Уверенности у Алексея не было. Проклятый Аспид несся
огромными прыжками, высоко подскакивая. Целиться – лишь время терять. Промажешь
– плохо. Попадешь не туда, куда нужно, – вообще беда.
А главное, некуда ему особенно деться. Крыша кончается, а до
следующей сажени две, если не три.
Но беглеца это не испугало. Не снижая скорости – наоборот,
разогнавшись еще пуще, он оттолкнулся ногой и перемахнул на соседнюю крышу.
Приземлился шумно, но ловко, на корточки. Выпрямился, загрохотал дальше.
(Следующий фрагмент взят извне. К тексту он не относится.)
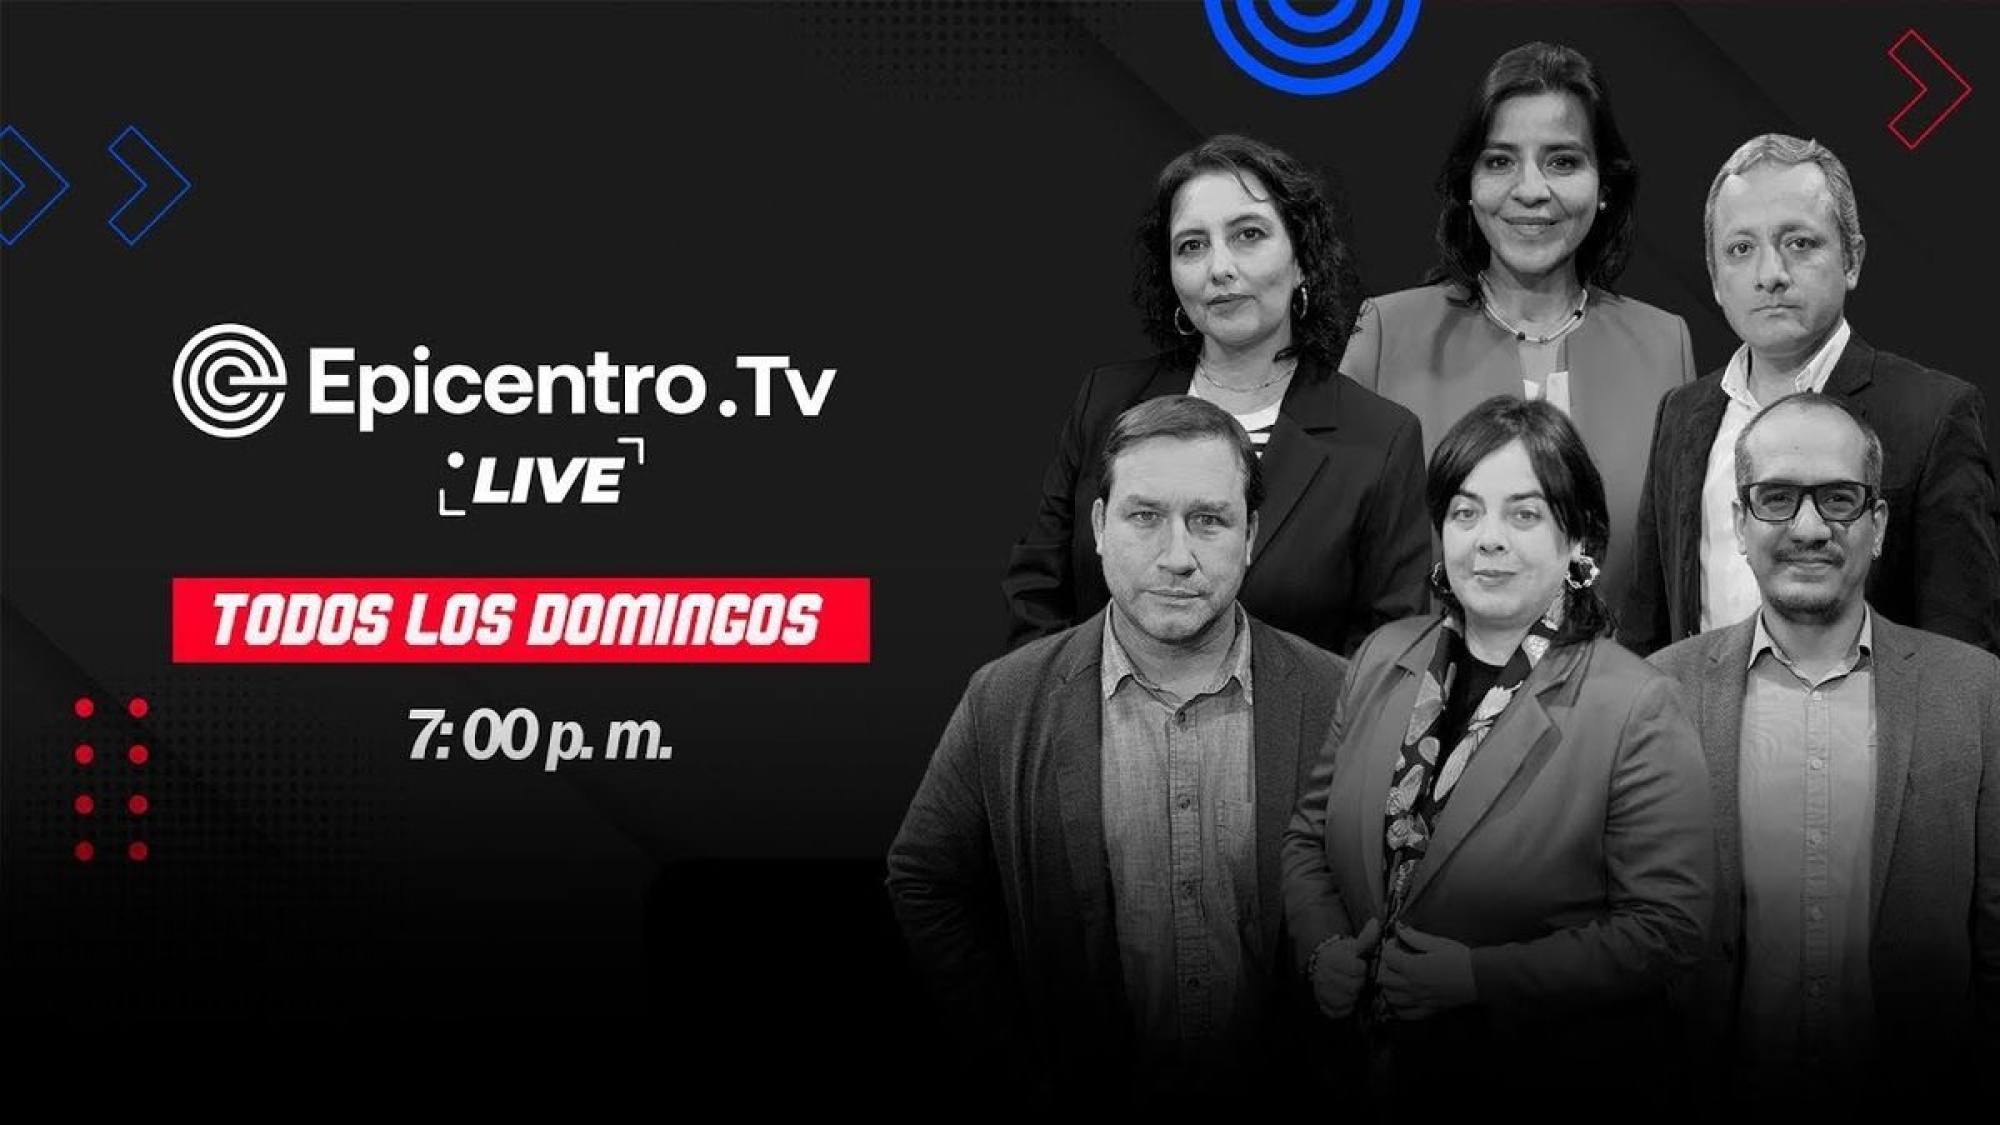 Epicentro Tv Live | Semana clave | Nuevo testimonio involucra al presidente, Epicentro TV

– Уходит! Через соседний дом уходит! – что было
мочи завопил Романов.
Из оконца к нему лезли Саранцев и Козловский.
Проштрафившийся Штурм, очевидно, был оставлен в квартире.
– Прыгать надо. – Ротмистр прикинул на взгляд
расстояние и топнул с досады. – Проклятая нога! Саранцев, давай ты!
Старший филер почесал затылок:
– Ваше благородие, у меня ноги короткие. Детей четверо…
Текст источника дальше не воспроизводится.